Wenn dem so ist, dann muessen Sie ein Hotel, dass diese Strandnaehe nicht bietet, nicht nehmen. Sie sollten das Ihrem Reiseveranstalter beweisbar mitteilen und ihn auffordern, Ihnen die Reise so zu ermoeglichen, wie Sie diese gebucht haben. Setzen Sie eine Frist von zwei Wochen Ihnen verbindlich mitzuteilen, dass Sie garantiert in dem urspruenglich gebuchten Hotel unterkommen werden.
Koennen Sie per Attest nachweisen, dass Ihre Frau gehbehindert ist und die Stufen einfach nicht bewaeltigen kann. Das waere ausgesprochen hilfreich.
Ansonsten werden Sie die Buchung stornieren und Schadenersatz wg. entgangener Urlaubsfreuden weiterhin fordern und ggfl. auch klagen. Wie kommen Sie auf 65,00 Euro je Tag???
Alle anderen Punkte sind keine wirklichen Einschraenkungen, einen Safe koennen Sie mieten, Wlan auch. Das kann man denn nach Rueckkehr beim Veranstalter einfordern, diese zusaetzlichen Kosten zu erstatten.
Und entgangene Getraenke und Mahlzeiten???? Da muessten Sie einem Richter auch erst einmal nachweisen und diesen ueberzeugen, dass Sie grundsaetzlich um Mitternacht essen, und bis 5 Uhr in der Fruehe den Schluckspecht mimen.
Viele Gruesse
bernardoselva
... vielen Dank noch einmal. Ja das scheint mir in der Argumentation alles plausibel. Ich werden dem Reiseveranstalter die Gelegenheit geben mir dieses Hotel doch noch zum angegebenen Zeitraum zur Verfügung zu stellen.
Wir haben hier ein Attest vom Neurologen der Fachklinik vorliegen, in dem er bescheinigt, dass meine Frau nur einen behindertengerechten und barrierefreien Wohnraum beziehen kann. Ich weiß nicht ob das ausreicht.
Die 65,00 EUR sind ehrlich gesagt eine Luftnummer. Ich laß einmal, dass die Entschädigung zwischen 25,00 und 75,00 EUR taxiert würden.
Nochmals vielen Dank für die Antwort und leibe Grüße von
Holger
Zitat :.......Wir haben hier ein Attest vom Neurologen der Fachklinik vorliegen, in dem er bescheinigt, dass meine Frau nur einen behindertengerechten und barrierefreien Wohnraum beziehen kann. Ich weiß nicht ob das ausreicht.......
Da bin ich mir ziemlich sicher, dass dieses Attest ausreicht.
Wenn Sie den Veranstalter anschreiben, dann sollten Sie eine Kopie des Attestes beifuegen.
Viel Erfolg!
Viele Gruesse
bernardoselva
Lieber bernaroselva, Liebe Forumsleser,
es ärgert mich immer wieder, dass Fragesteller in Foren die Geduld der Leser und Interessierten, permanent überstrapazieren und sich dann final nicht äußern, was aus der Sache wurde. Ich möchte hier kurz berichten, wie diese Rechtsanfrage abschließend behandelt wurde.
Nach dem letzten Rat von bernaroselva, habe ich den Reiseveranstalter erneut angeschrieben.

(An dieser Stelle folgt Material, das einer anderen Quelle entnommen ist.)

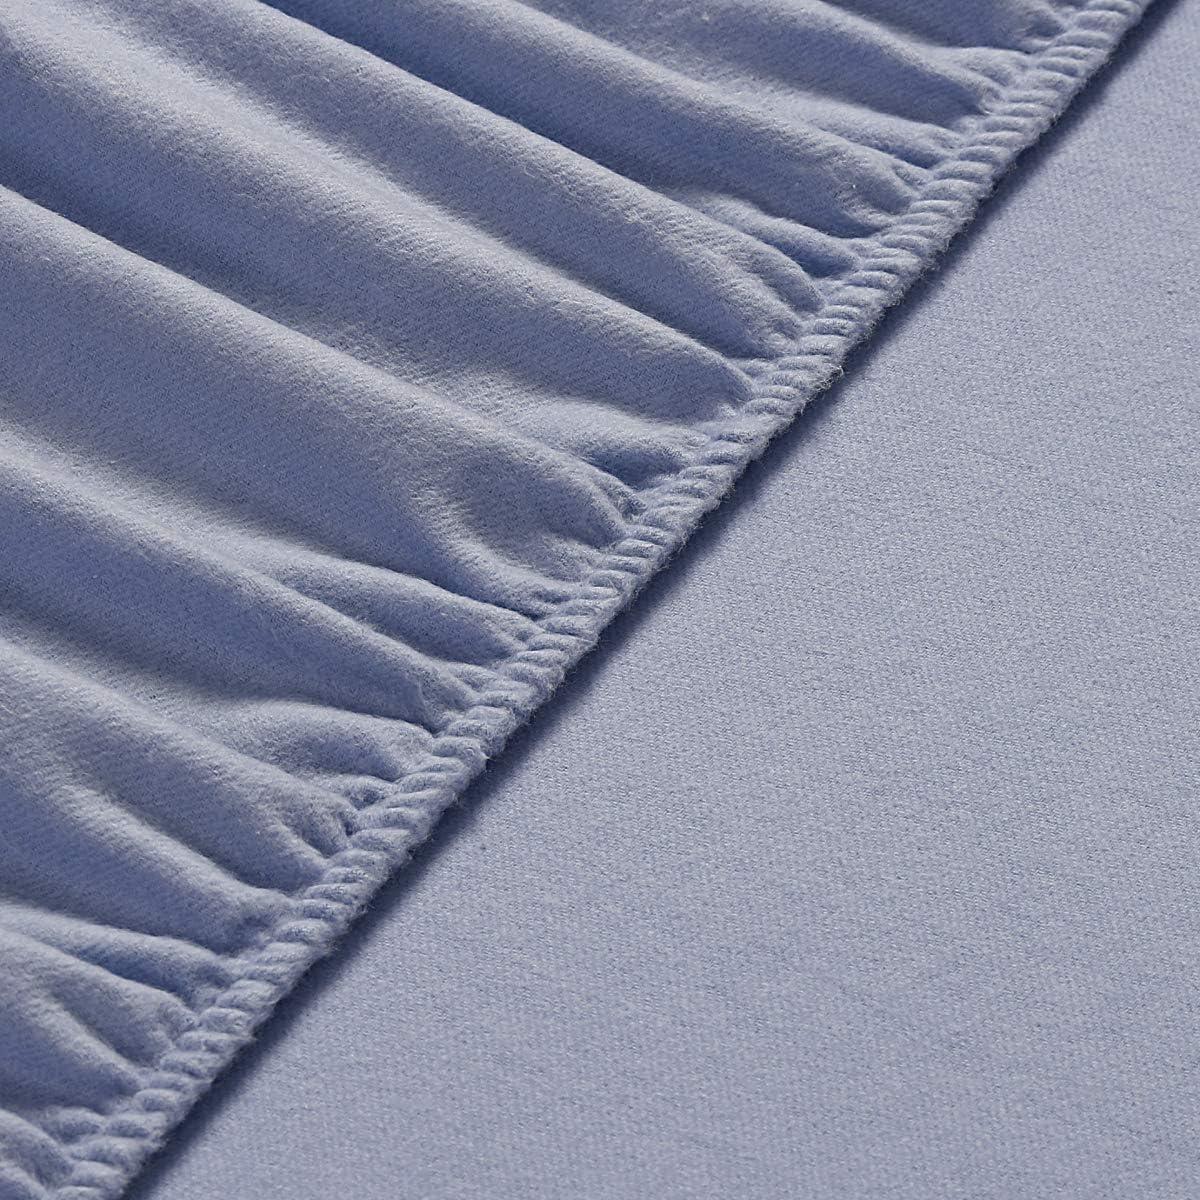 Caressant /& Chaud Ecru Toucher veloute Velvet Flannel Lot de 2 taies d/'Oreiller 100/% Flanelle De Coton Tissage tr/ès raffin/é Doux 50x70 cm Bed Couture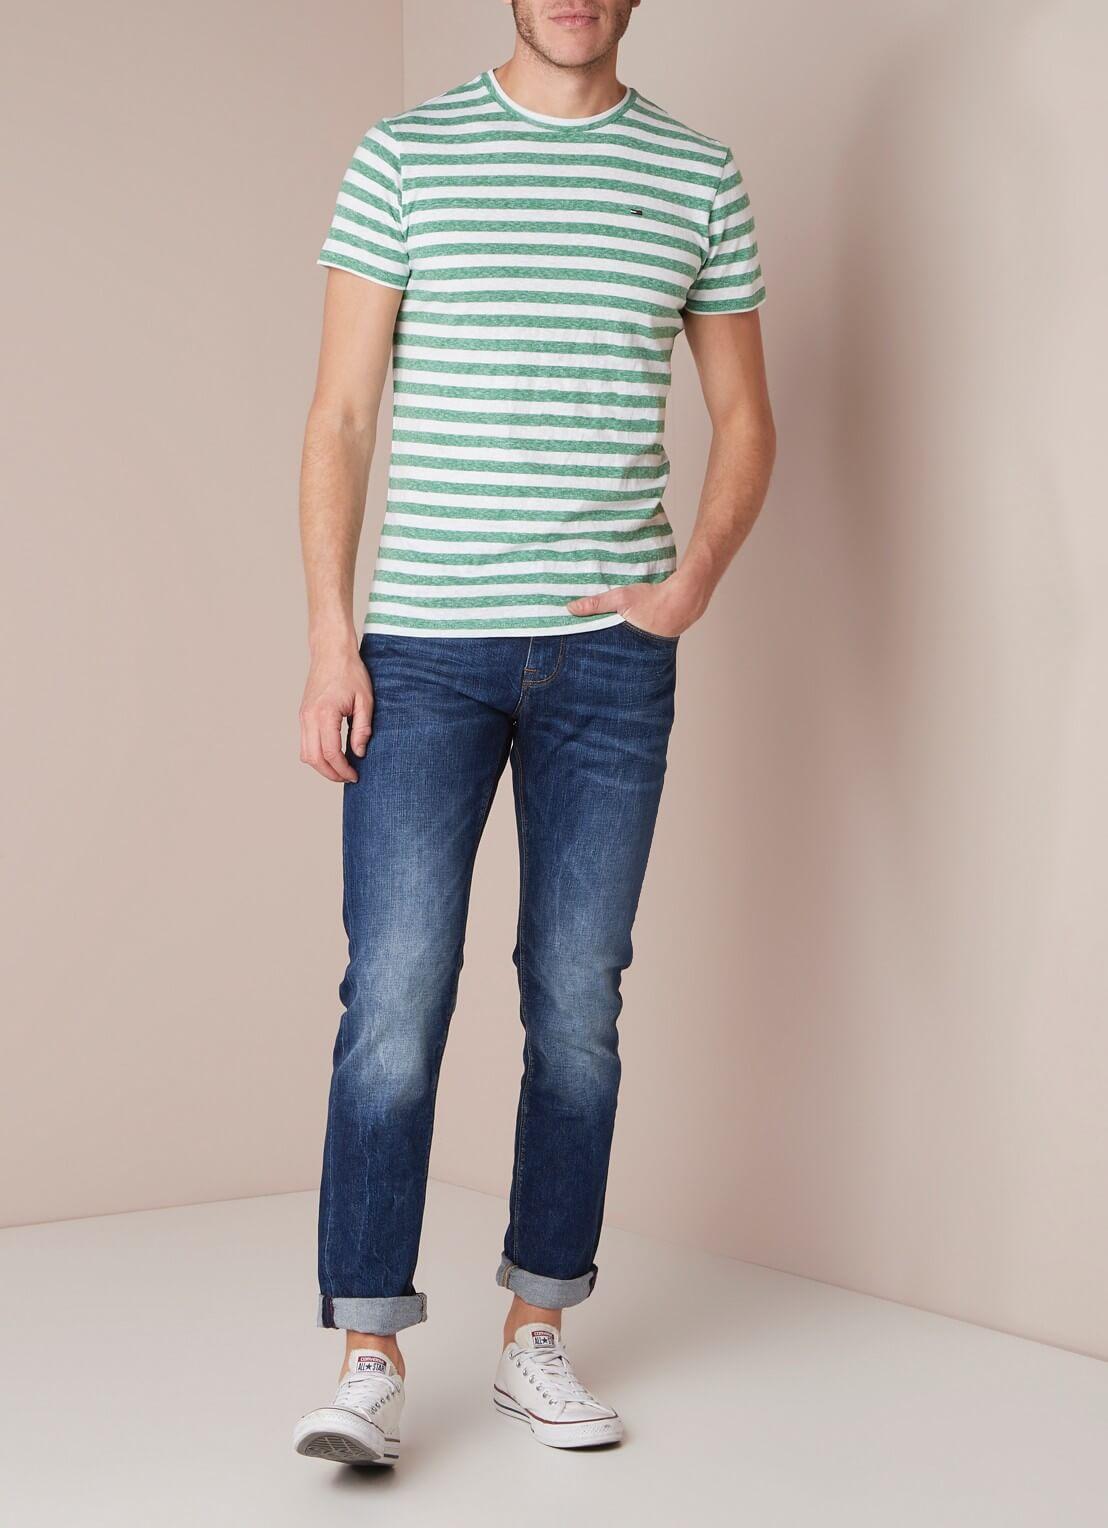 Mixed wear 2 - Mr.Draper

Ich bat ihn in meinem Schreiben erneut zu überprüfen, ob bei dem Hotel nicht doch noch die Möglichkeit bestünde, im angegebenen Reisezeitraum ein Zimmer zu bekommen. Der Reiseveranstalter begrüßte mein Ansinnen und fragte erneut im Hotel nach. Es war nun tatsächlich so, dass es keine freien Kapazitäten mehr gab. Der Reiseveranstalter bot mir das gleiche Hotel, zu einem anderen Zeitpunkt an. Nachdem ich dies ablehnte, überwies mir der Reiseveranstalter unverzüglich und in voller Höhe, die von mir in Rechnung gestellten Schadensersatzansprüche. Das Geld traf heute auf meinem Konto ein.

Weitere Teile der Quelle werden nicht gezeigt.